Von den 18 in Baden-Württemberg heimischen Amphibienarten und dem Ochsenfrosch stehen 60 Prozent auf der Roten Liste. Der Moorfrosch ist vom Aussterben bedroht, Kammmolch, Geburtshelferkröte,
Gelbbauchunke, Knoblauchkröte, Kreuzkröte, Wechselkröte und Laubfrosch sind stark gefährdet, Feuersalamander, Springfrosch und Seefrosch gefährdet. „Wirklich ungefährdet ist eigentlich nur ein halbes Dutzend Arten“, sagt BUND-Naturschutzreferent Dominic Hahn.
Über die Ursachen für den starken Rückgang 2019 können Laufer, Hahn und andere Experten nur spekulieren. Die Amphibien litten vor allem, weil ihre Lebensräume kleiner würden, sagte Hahn. Industrie und die intensive Landwirtschaft, aber auch Siedlungen und der Straßenbau nähmen Flächen ein oder zerschnitten ihre Reviere. Für den Einbruch bei den Zahlen macht er natürlich auch den Klimawandel verantwortlich. „Ausschlaggebend ist natürlich die starke Trockenheit der vergangenen Jahre“, sagt Hahn. Denn Amphibien sind beim Fortpflanzungsgeschäft extrem auf Wasser angewiesen. Die meisten Arten legen ihre Eier in Tümpel, Pfützen oder andere Gewässer. Daraus schlüpfen Larven, die sich zu Fröschen, Molchen oder Kröten entwickeln. Da diese zunehmend austrockneten, fehlten den Tieren die Brutplätze, sagte Hahn.
„Die Amphibien sind große Verlierer des Klimawandels, sie kämpfen mit den steigenden Temperaturen, mit Pilz- und Hautkrankheiten und mit dem Insektensterben“, sagt auch Laufer. Wegen der Trockenheit könnten Lurche nicht oder zu selten auf Nahrungssuche gehen. „Ohne Nahrung fehlen ihnen Fettreserven und sie verhungern im Winter. Außerdem brauchen insbesondere die Weibchen diese Nahrung, um Eier zu produzieren. Auch der Einsatz von Düngemitteln in der Landwirtschaft und die Belastung des Grundwassers und anderer Gewässer sind wichtige Faktoren.

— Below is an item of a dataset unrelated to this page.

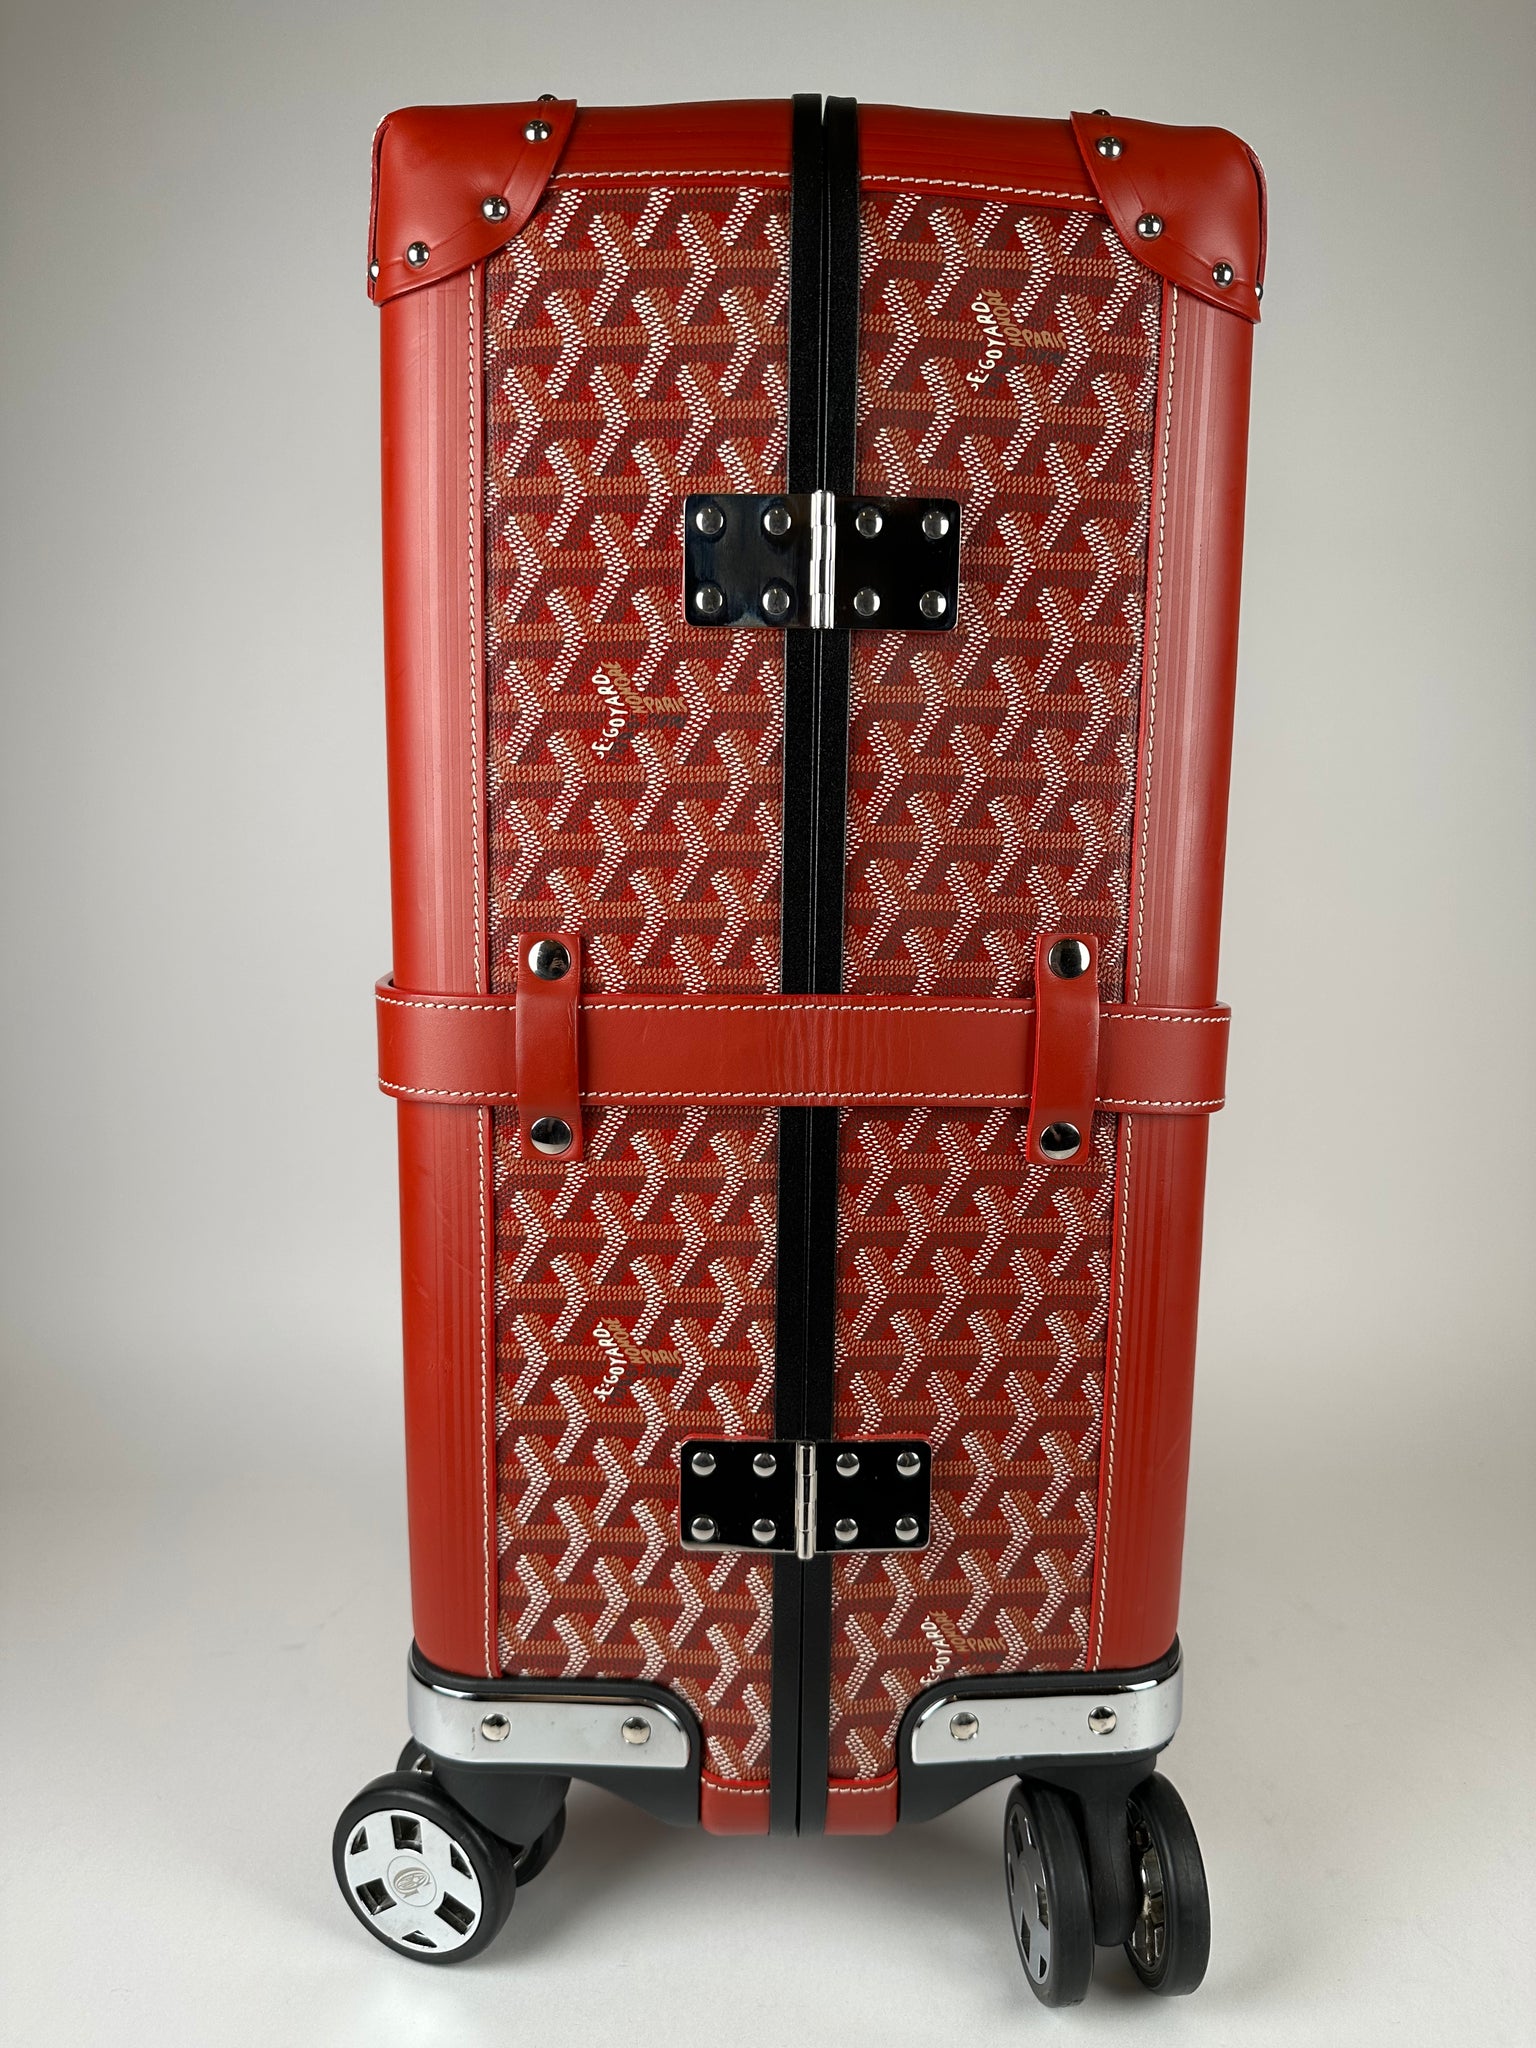 Goyard Goyardine Bourget PM - Suitcases, Luggage

Wenig Hoffnung macht auch Vogelkundler Peter Berthold vom MaxPlanck-Institut in Radolfzell. Die Zukunft für Amphibien sei keineswegs rosig, sagt er. „Wir haben flächendeckend Riesenprobleme mit den Amphibien“, sagt Berthold. Die Tier hätten eine feuchte Haut und benötigten entsprechende Bedingungen, die ihnen zunehmend fehlten. „Das sind die ersten, die regelrecht austrocknen“, sagt Berthold. Es sei zu befürchten, dass sie in nicht allzu langer Zeit komplett aussterben könnten.